**Work required**
Please keep pictures out and return the lines below exactly, from the one holding "jingle bells close-up. christmas background" through the last, both included.

**Collected data**
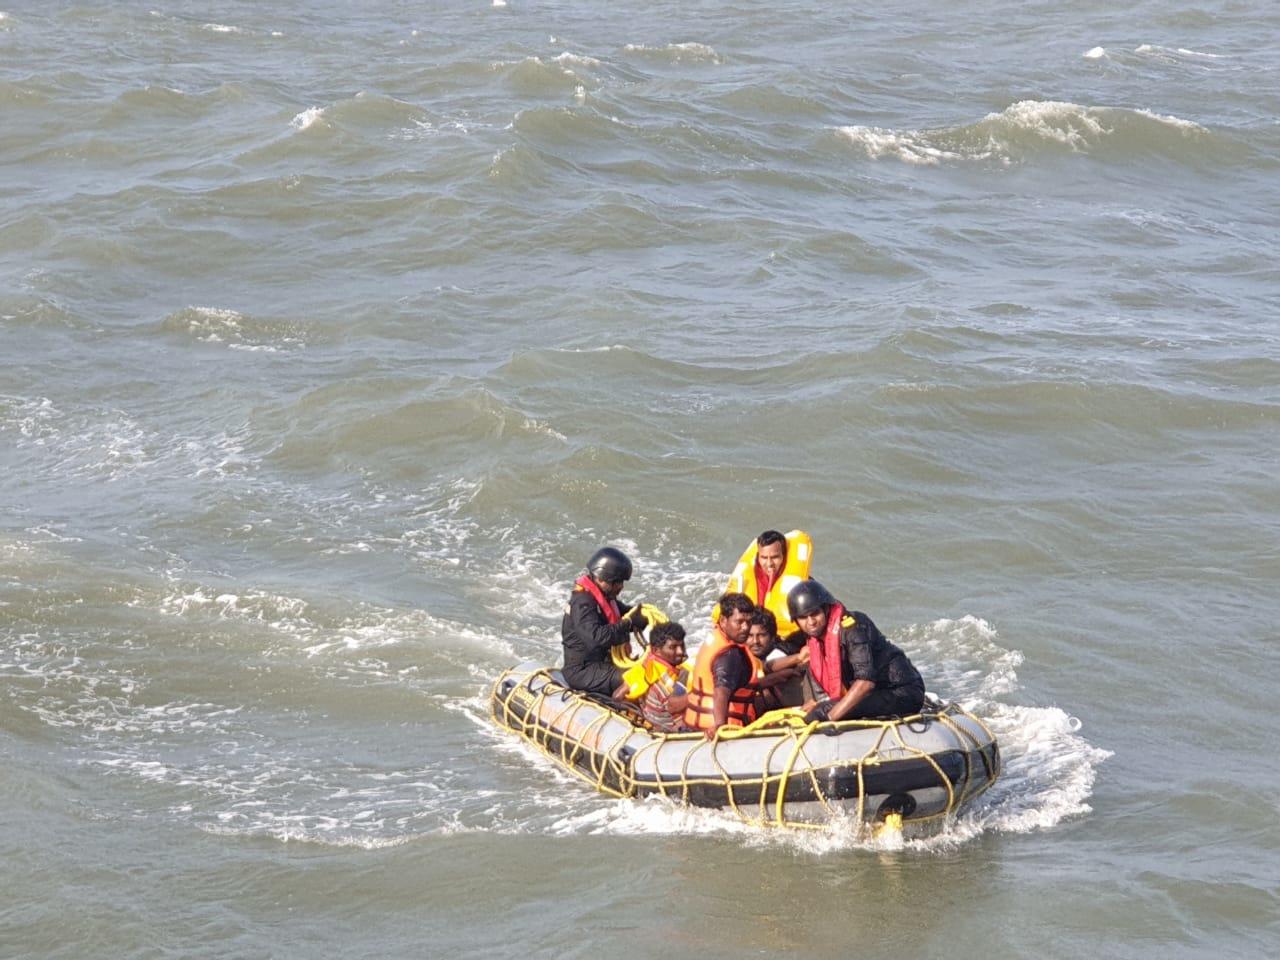 Cyclone Kyarr over Arabian Sea: Indian Coast Guard rescues 19 fishermen 
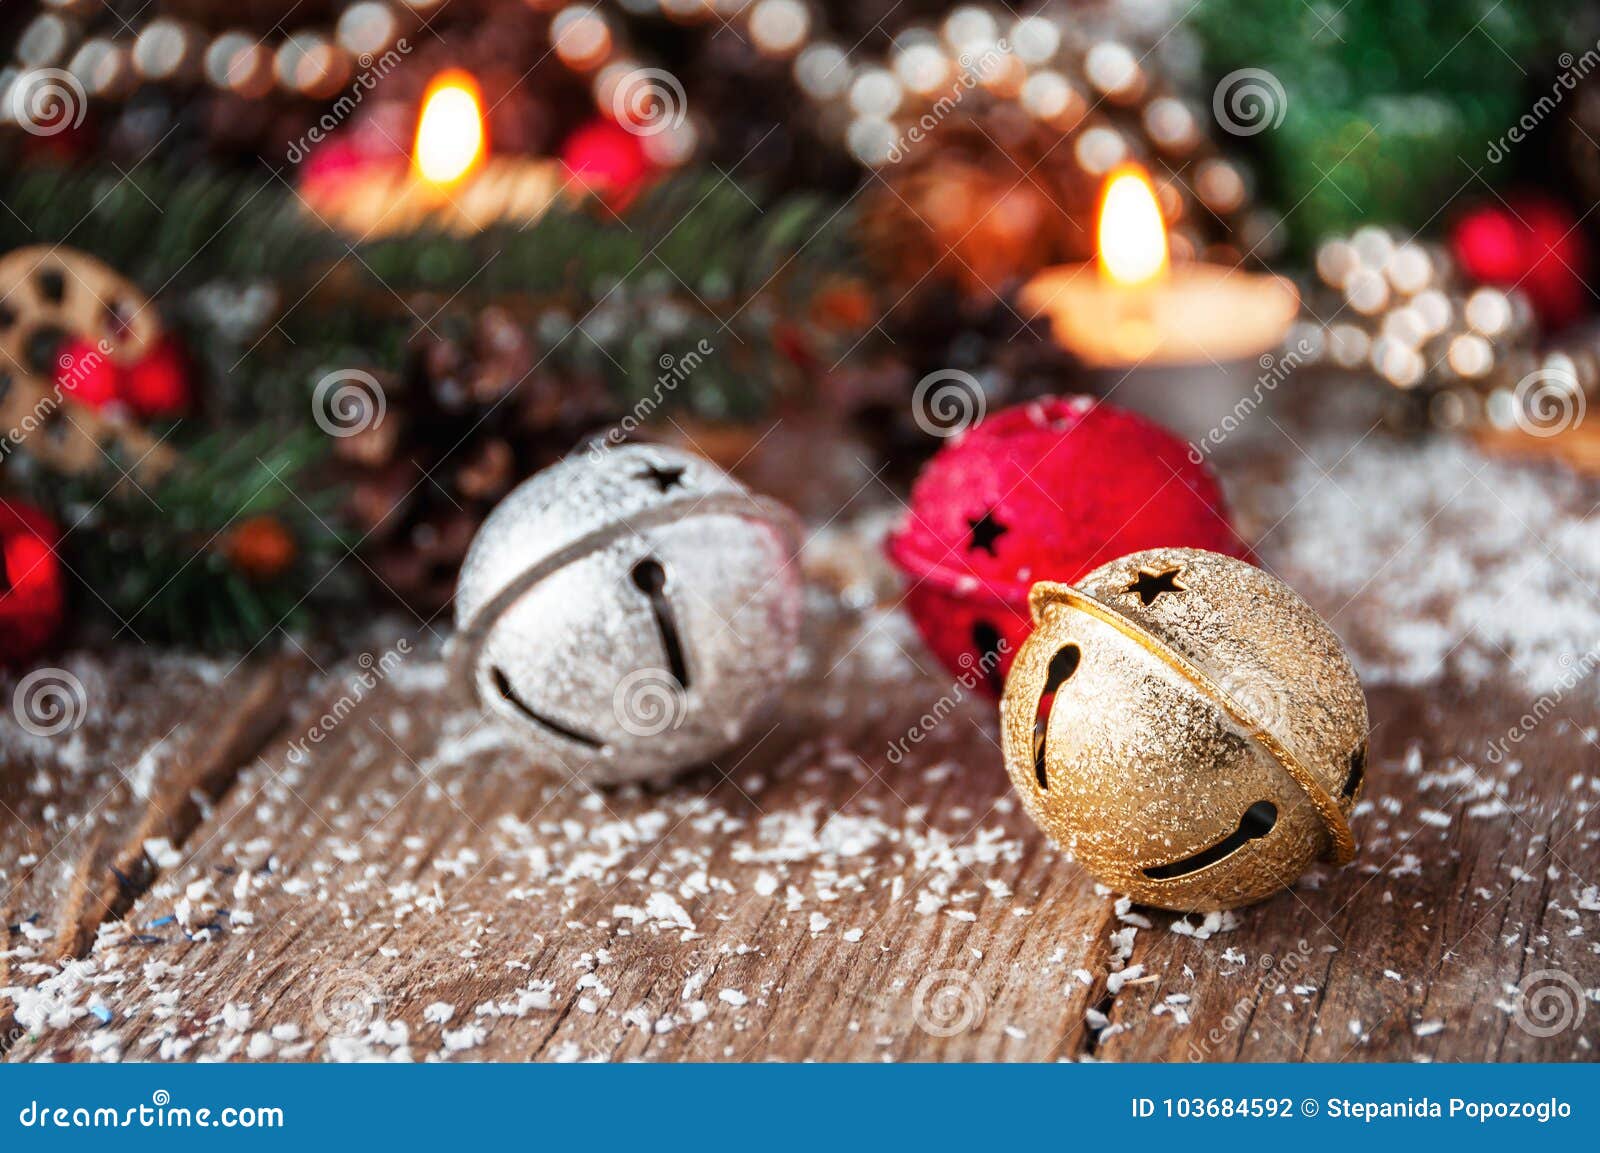 jingle bells close-up. christmas background
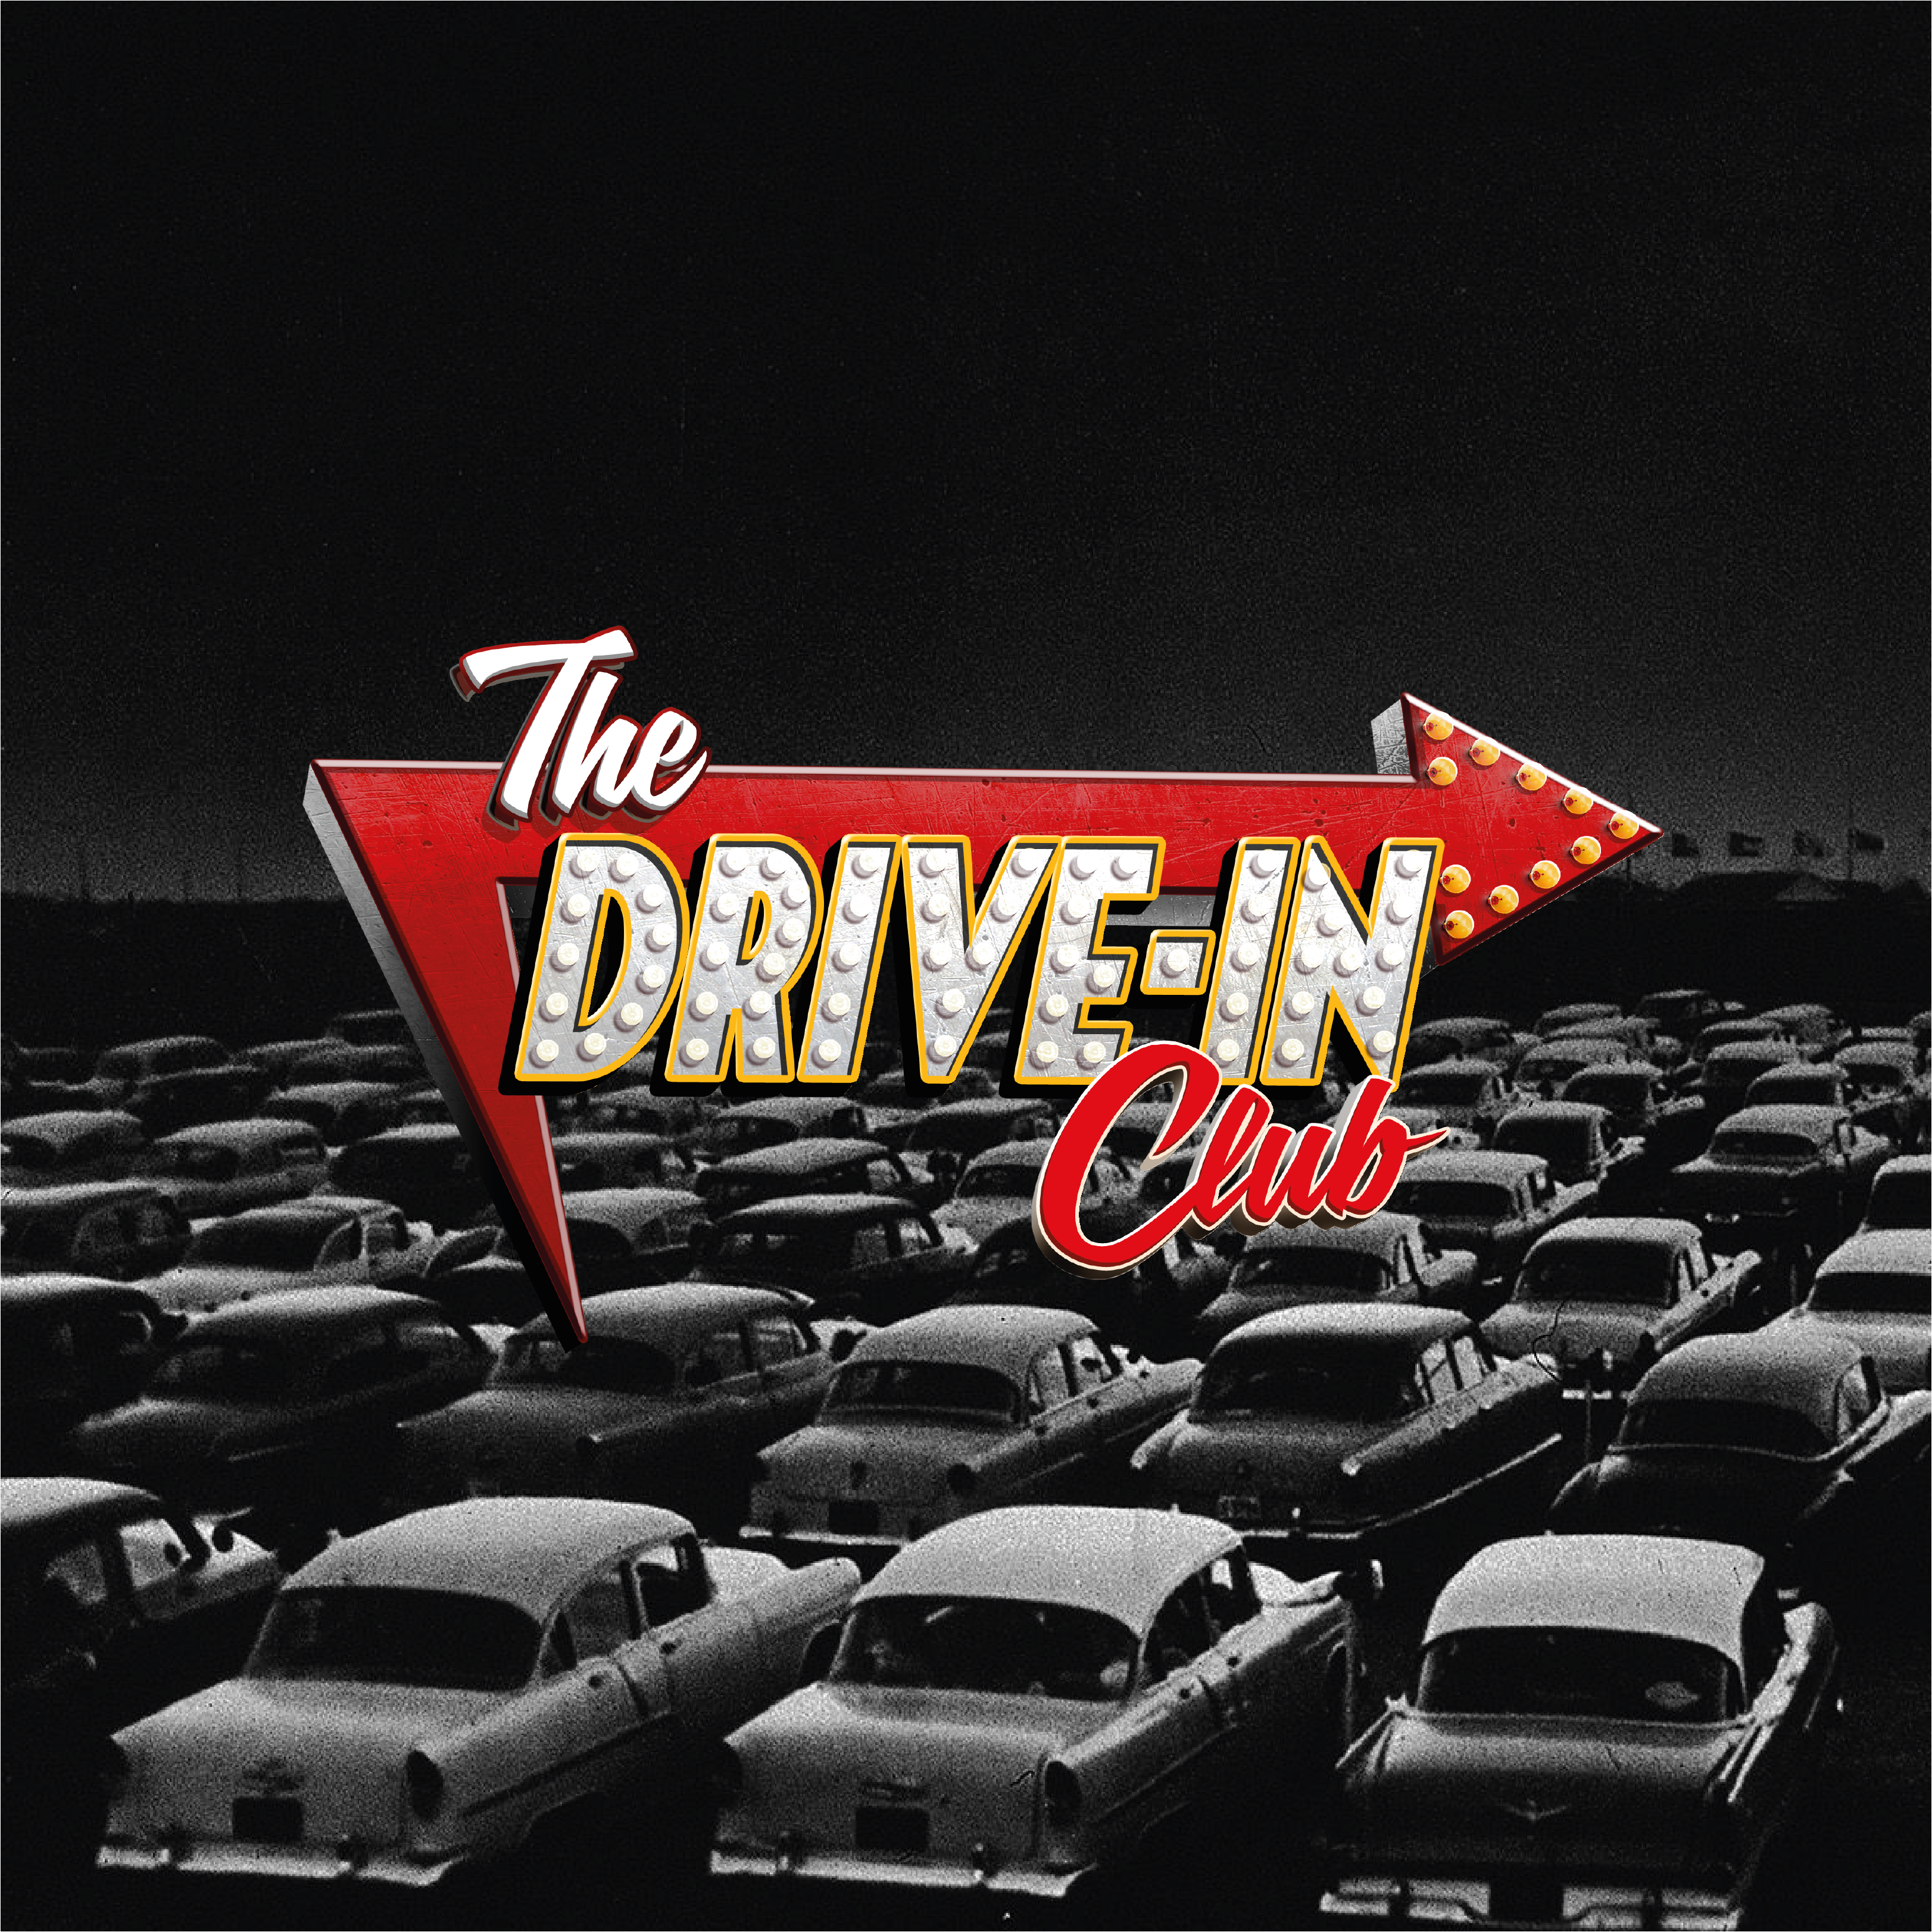 The Drive-In Club logo

**Solved exercise**
 jingle bells close-up. christmas background
 The Drive-In Club logo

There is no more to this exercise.